──────── Collected material

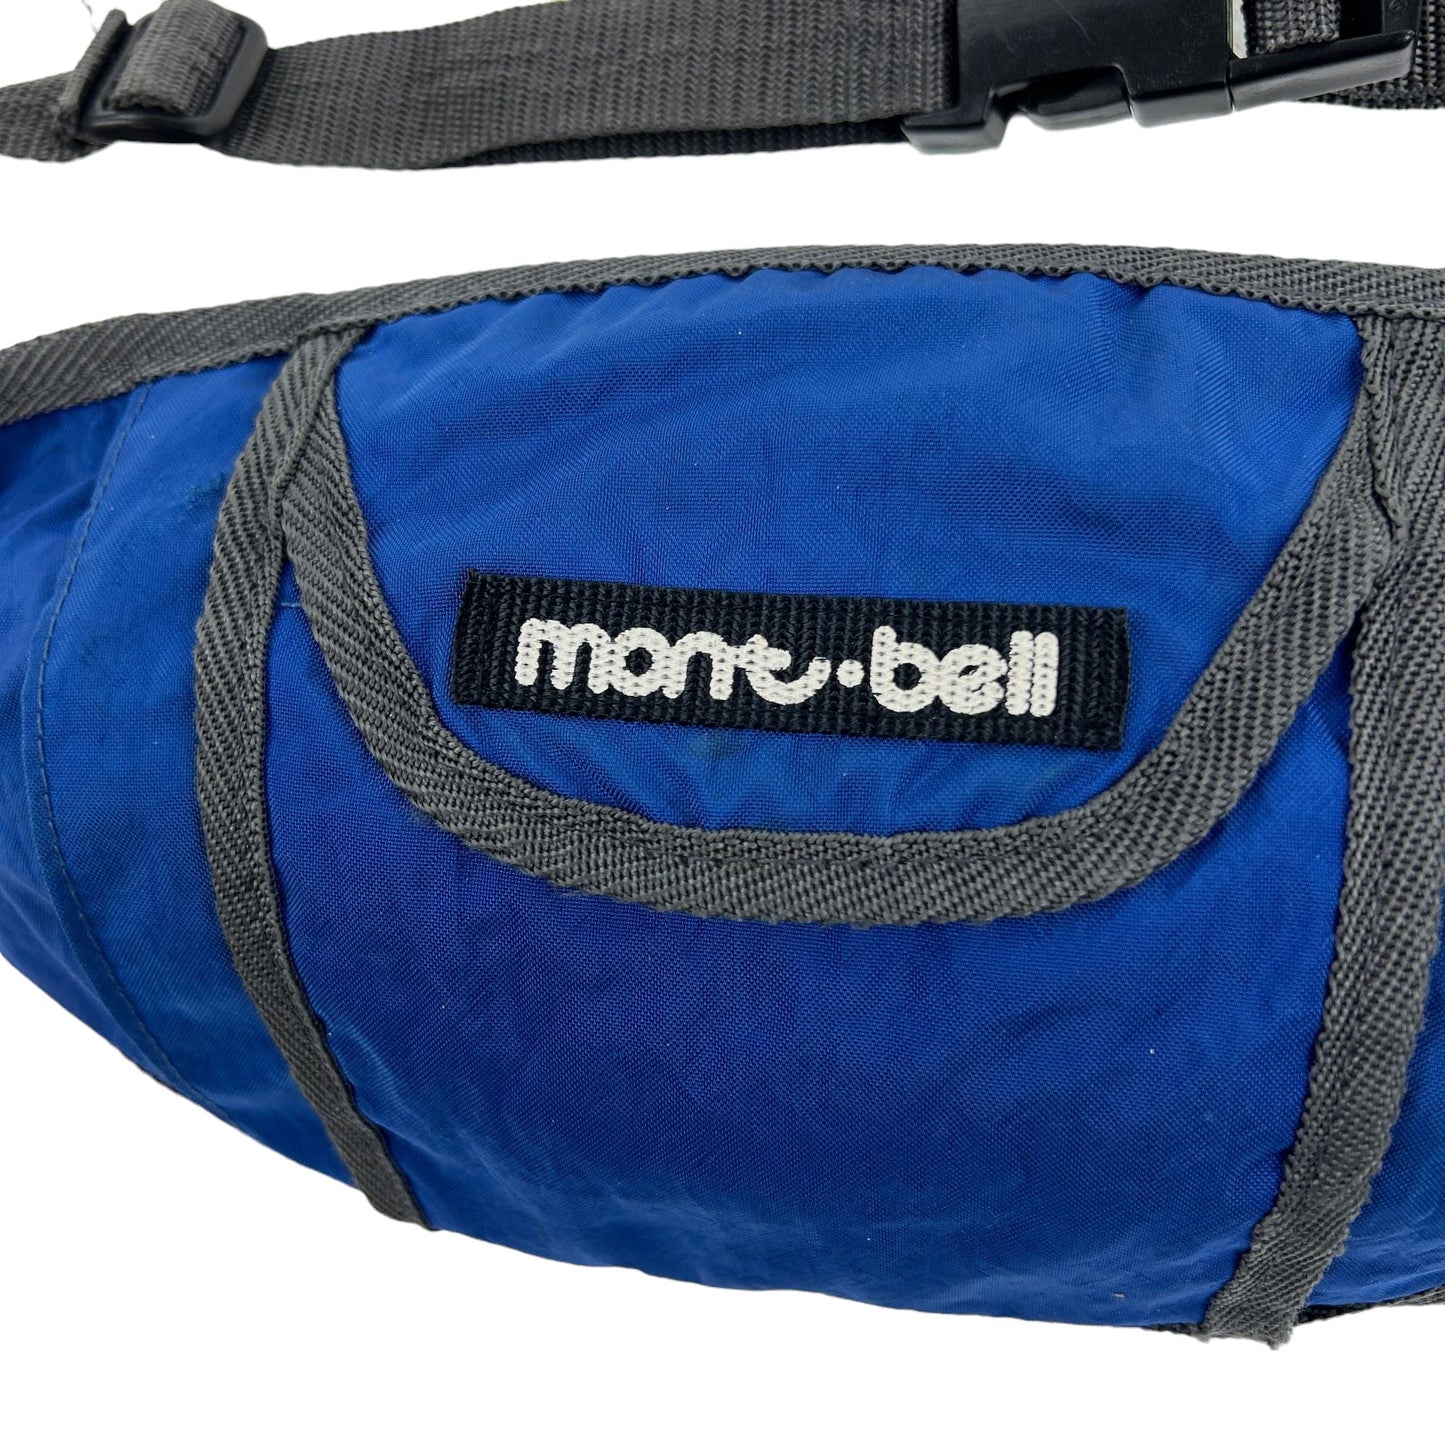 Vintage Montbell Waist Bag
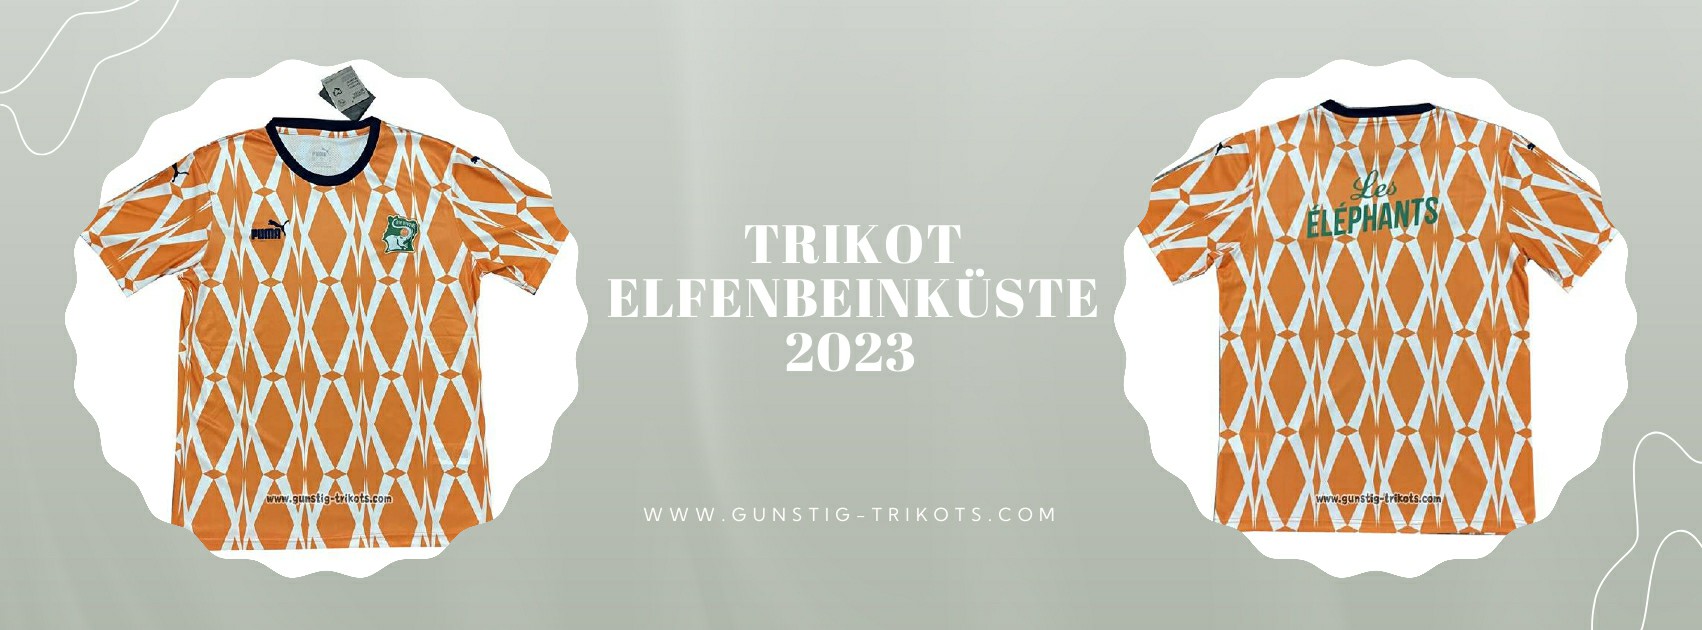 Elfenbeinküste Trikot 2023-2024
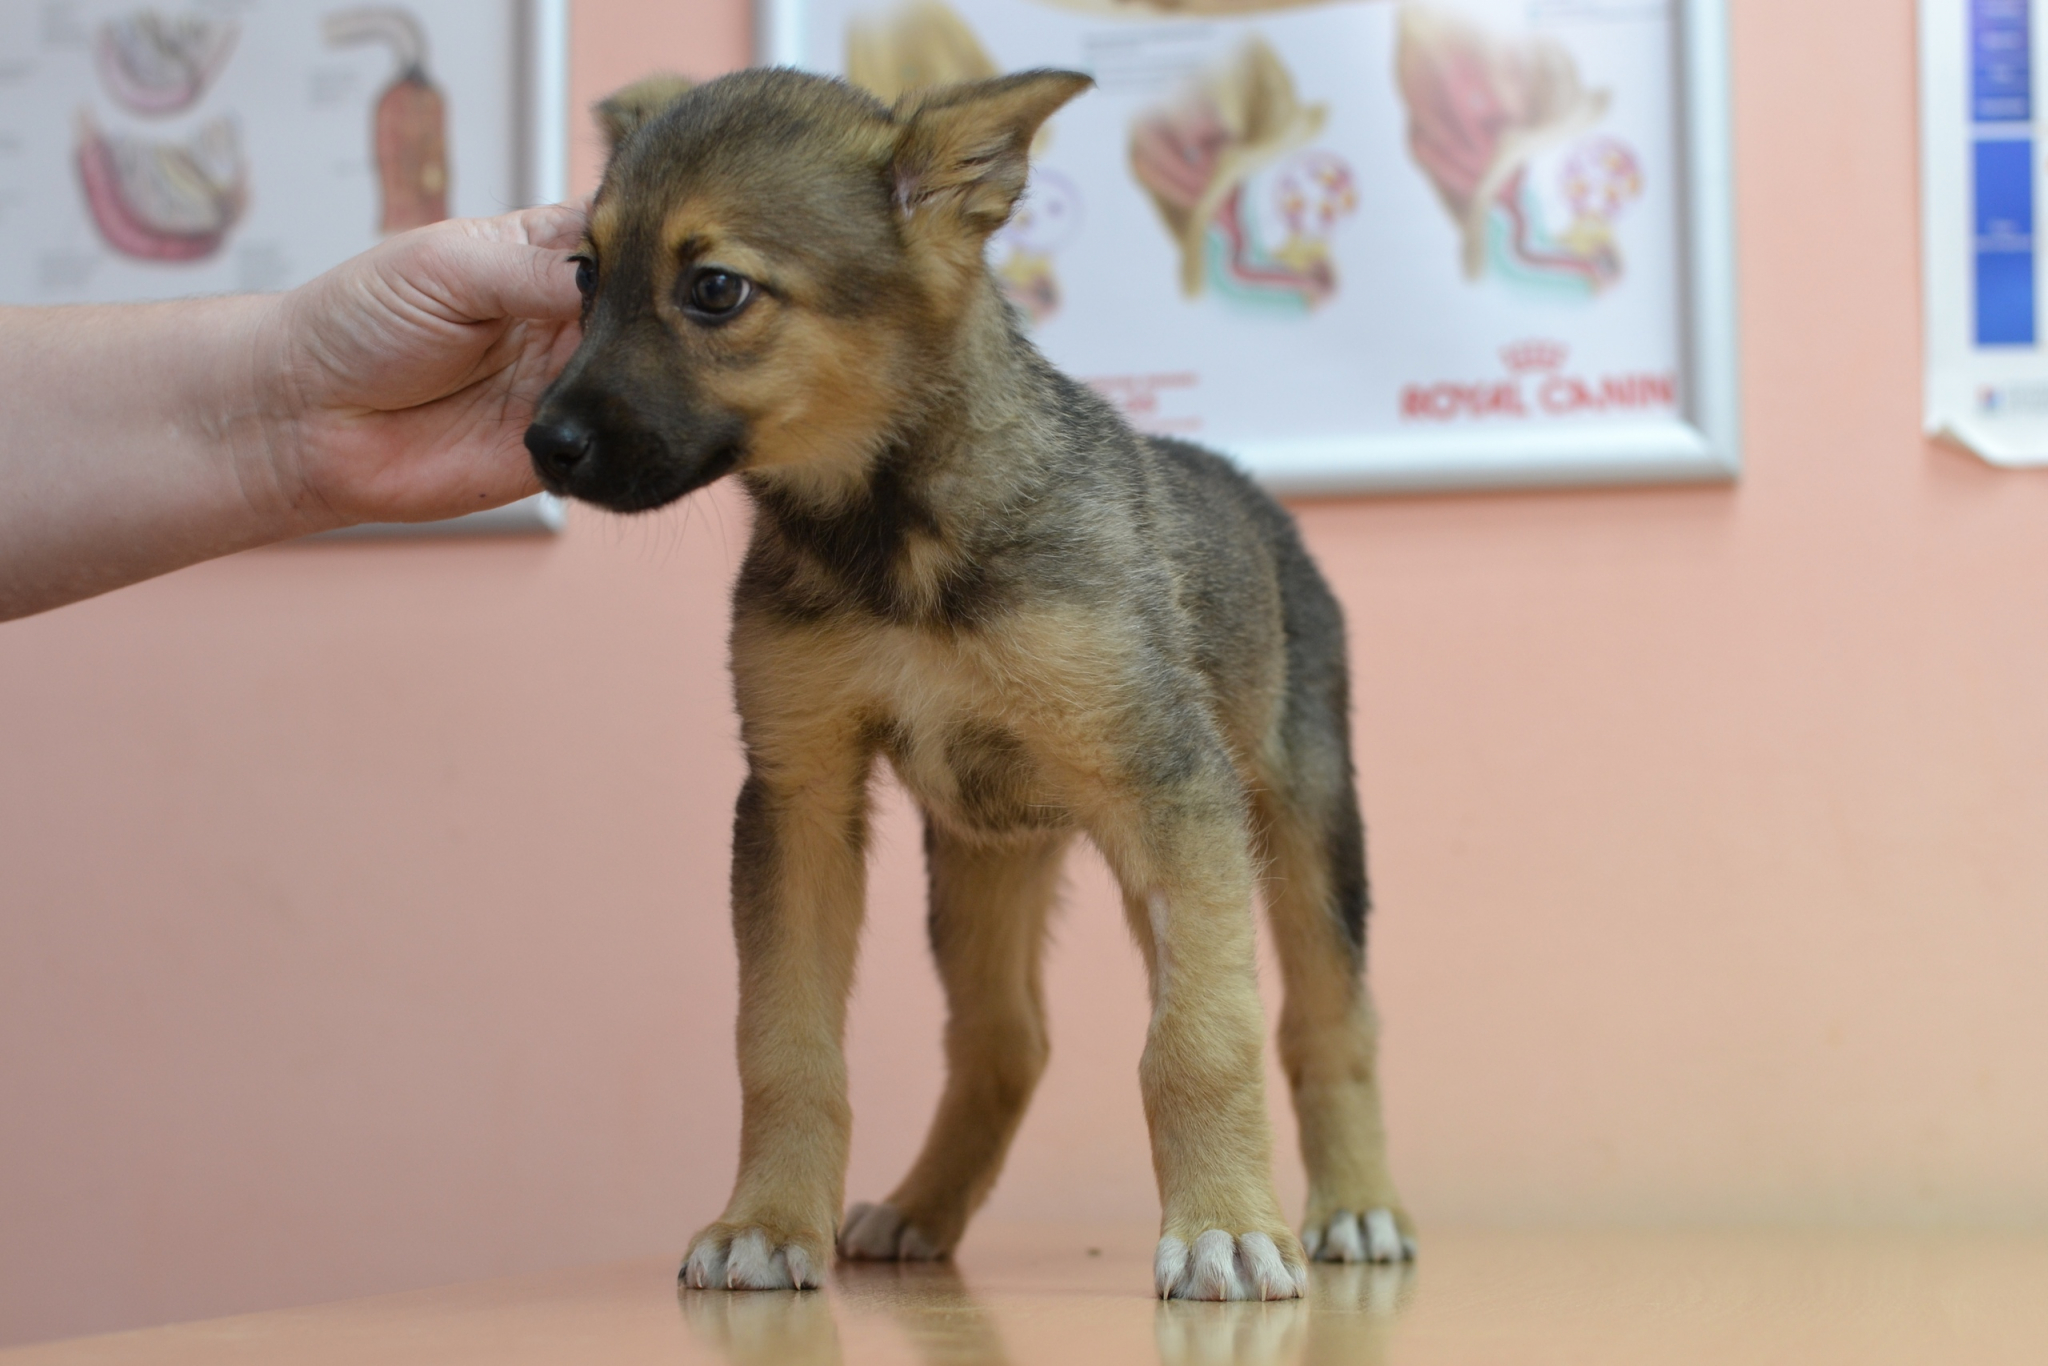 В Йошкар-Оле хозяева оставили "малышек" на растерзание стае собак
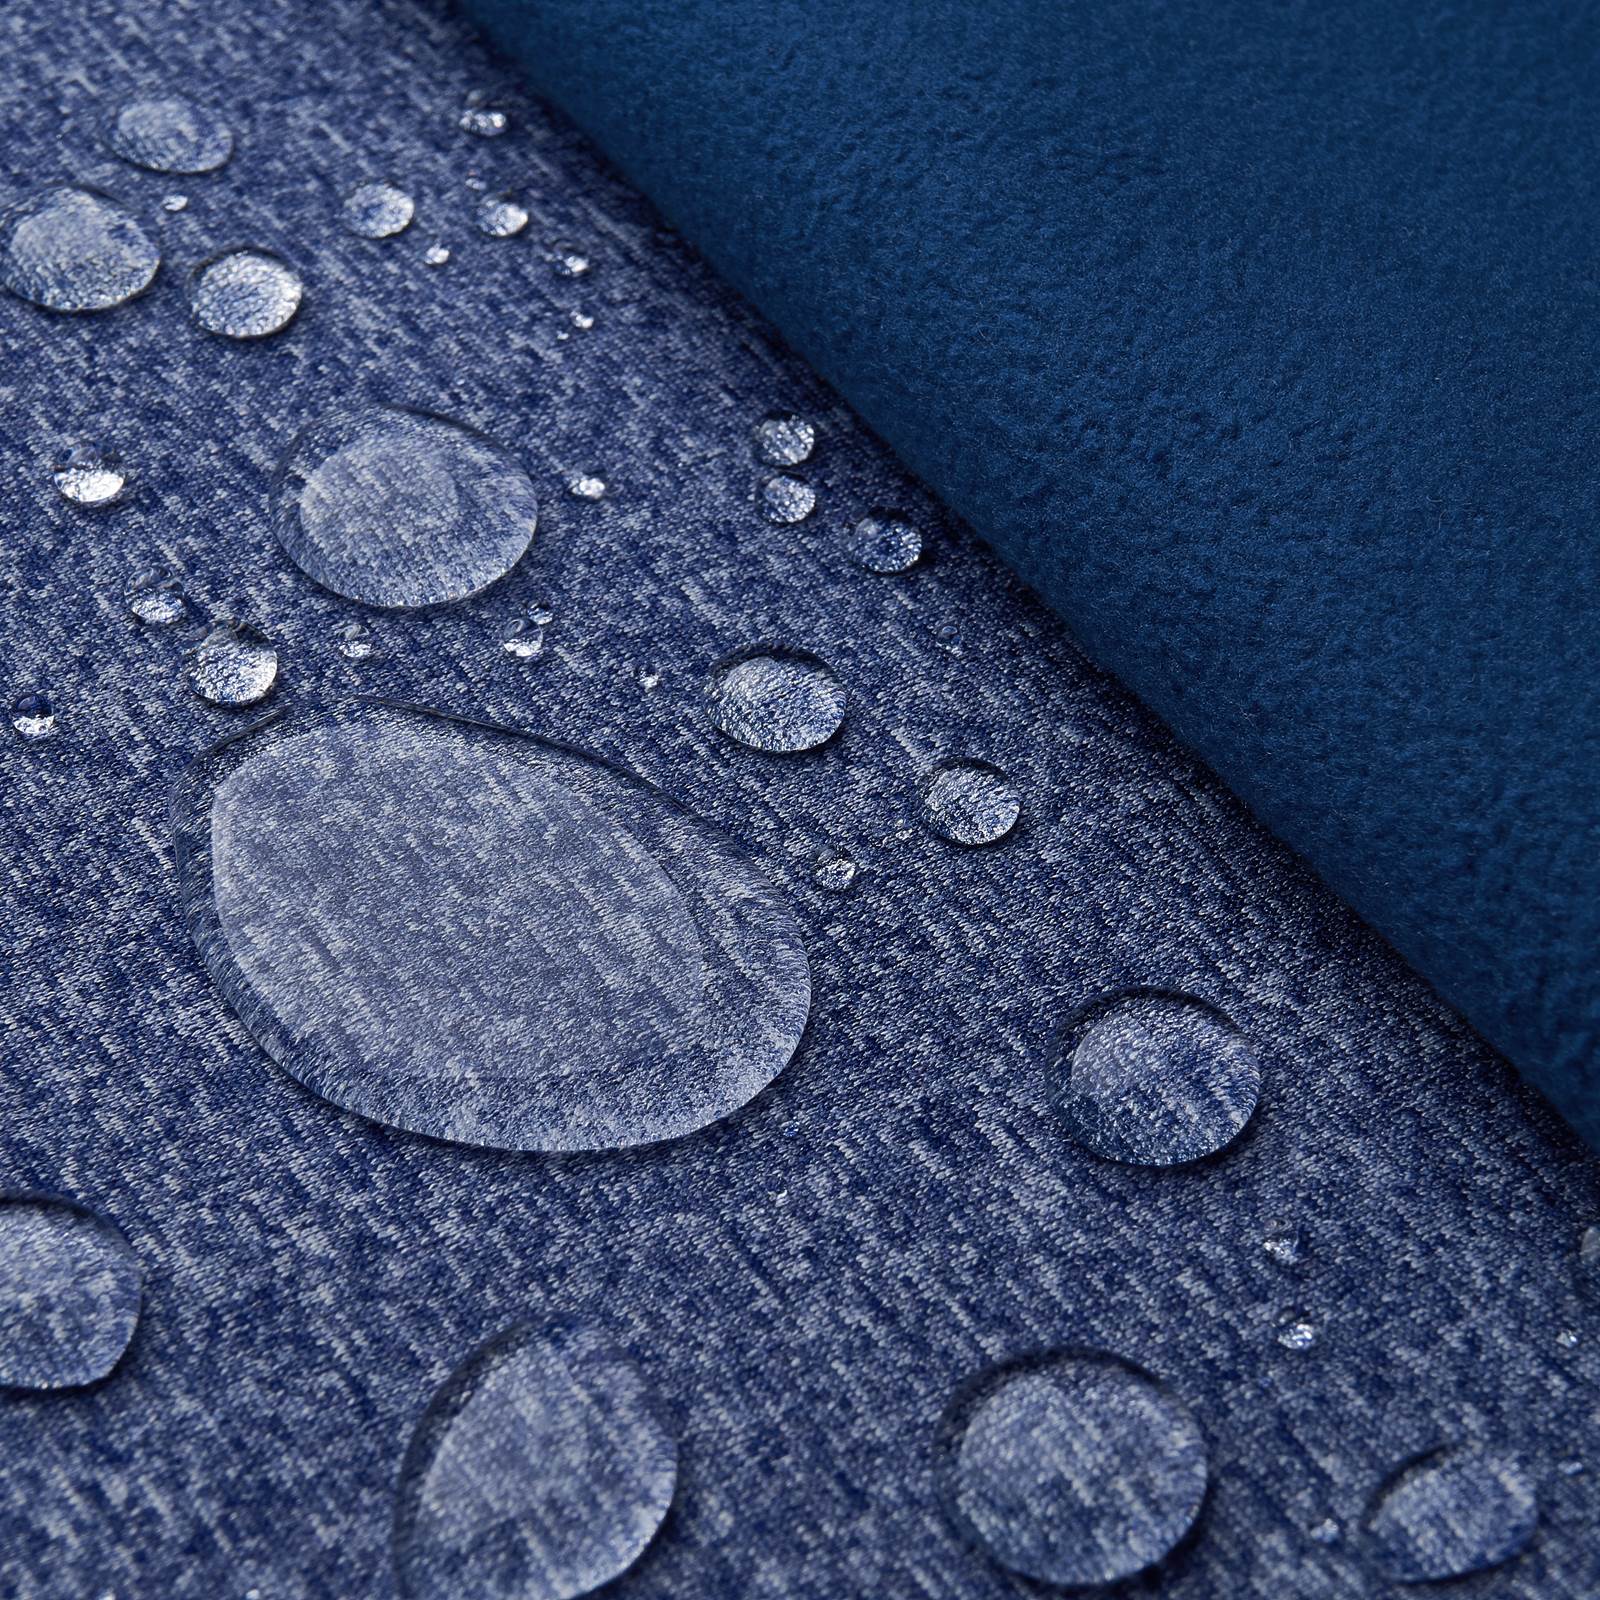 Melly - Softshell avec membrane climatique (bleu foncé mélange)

────────────────

Activity. In your copy, include no pictures and only the lines from the line with "В Йошкар-Оле хозяева" through the final line of the listing above, reproduced exactly.

Answer to this task.
 В Йошкар-Оле хозяева оставили "малышек" на растерзание стае собак
 Melly - Softshell avec membrane climatique (bleu foncé mélange)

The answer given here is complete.